Интересно знать, проклятущая Ленка только заметила ее отвращение к еде или умудрилась сообразить, откуда оно взялось? Сама-то Екатерина давно все поняла, только боялась себе признаться в том, что...
Она резко вздрогнула, словно вымолвила ужасную правду вслух. Исподтишка огляделась. Все: отец, мать, братья, вреднющая сестра — так и ели Екатерину глазами, забыв про завтрак.
Что в их взглядах? Простое беспокойство за нее? Подозрения? Или уже прямые догадки?
Нет, не может быть, им не с чего догадаться, никто не знает о тайных встречах с Миллесимо!
Сделав над собой поистине невообразимое усилие, Екатерина подцепила ложечкой слоистый, омерзительно-влажный кусочек творога, взяла в рот, помяла онемевшим языком, кое-как пропихнула в горло:
— С чего ты взяла, сестрица, что мне творог не по нраву? Ем да нахваливаю!
И даже умудрилась улыбнуться.
Помнится, когда Екатерина росла в доме своего дядюшки Григория Федоровича Долгорукого, бывшего тогда посланником в Варшаве, тетушка, дама светская и изощренная, муштровала ее построже, чем капрал муштрует своих новобранцев. Именно княгиня Аглая Самсоновна приучила Екатерину к железной выдержке, обучила так владеть своим лицом, что, вонзись в ее тело все те полсотни булавок, на которых держался ее бальный наряд, да что — проткни ее насквозь вязальной спицею, — не перестанет мило улыбаться собеседнику... Ох, как сейчас пригодились ей тетушкины уроки!..
— Чего пристали к девке? — добродушно проворчал отец. — Когда у нас Катька ела за двоих? Это у тебя, Ленка, щеки скоро по плечам расползутся.
Сестра, которая и впрямь выглядела с самого детства так, словно была поперек себя шире, надулась, как мышь на крупу, кидая мстительные взгляды теперь на отца, но тому они были — что об стенку горох.
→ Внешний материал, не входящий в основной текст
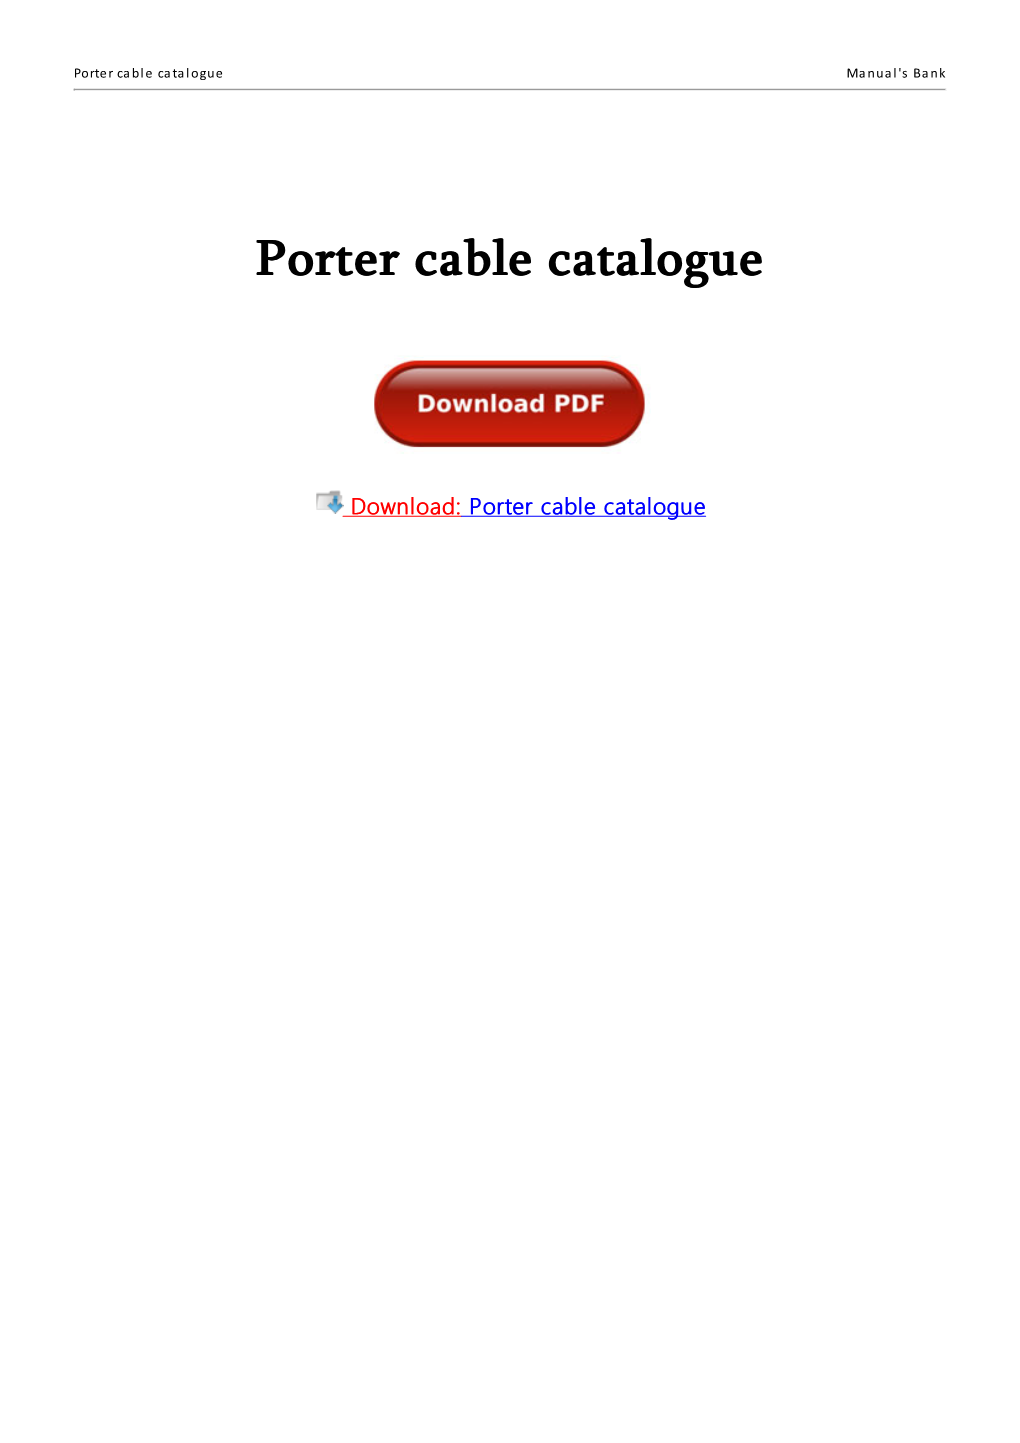 Porter Cable Catalogue Manual's Bank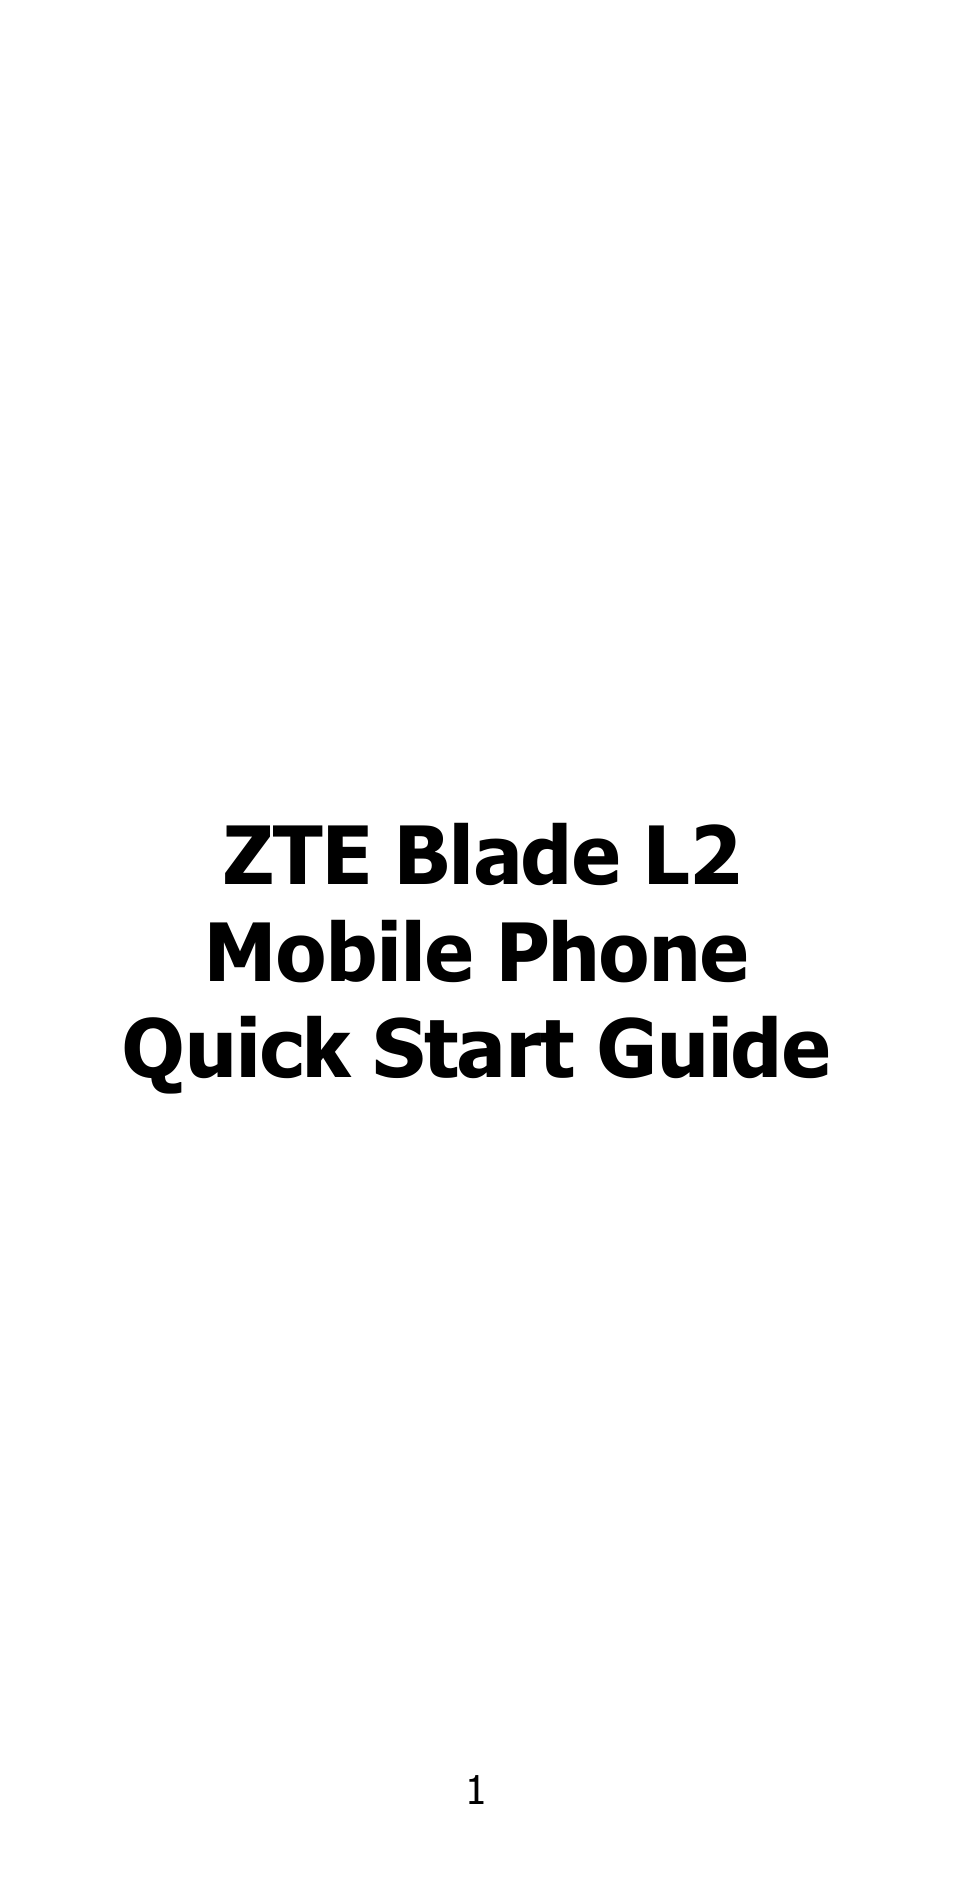 Blade L2

Братья вернулись к еде. Выражение беспокойства вмиг сошло с лица Прасковьи Юрьевны. И чуть не впервые княжна Екатерина подумала: какое счастье, что матушка свято придерживается старинного узаконения, по которому муж — всему голова. Если не тревожился князь, значит, его княгине следовало быть спокойной, пусть бы даже крыша начала валиться на голову!
Она бросила на отца признательный взгляд исподлобья — и в то же мгновение несчастный творог застрял у нее поперек, горла.
Какое выражение мелькнуло на его лице! Отец обо всем знает... нет, догадывается! Что же теперь делать, как же быть? Да зародись у него одно подозрение, он с дочери глаз не спустит. А ведь Екатерине смертельно нужно ухитриться встретиться с Миллесимо, поведать ему, в какое положение они попали. Нет, в «положение» всегда попадает дама. А мужчина волен войти в ее положение — или нет. Проще говоря, признать своим ребенка, которого он сделал, — или высоко вскинуть брови с выражением крайнего недоумения: «Красавица моя, но при чем тут я?!»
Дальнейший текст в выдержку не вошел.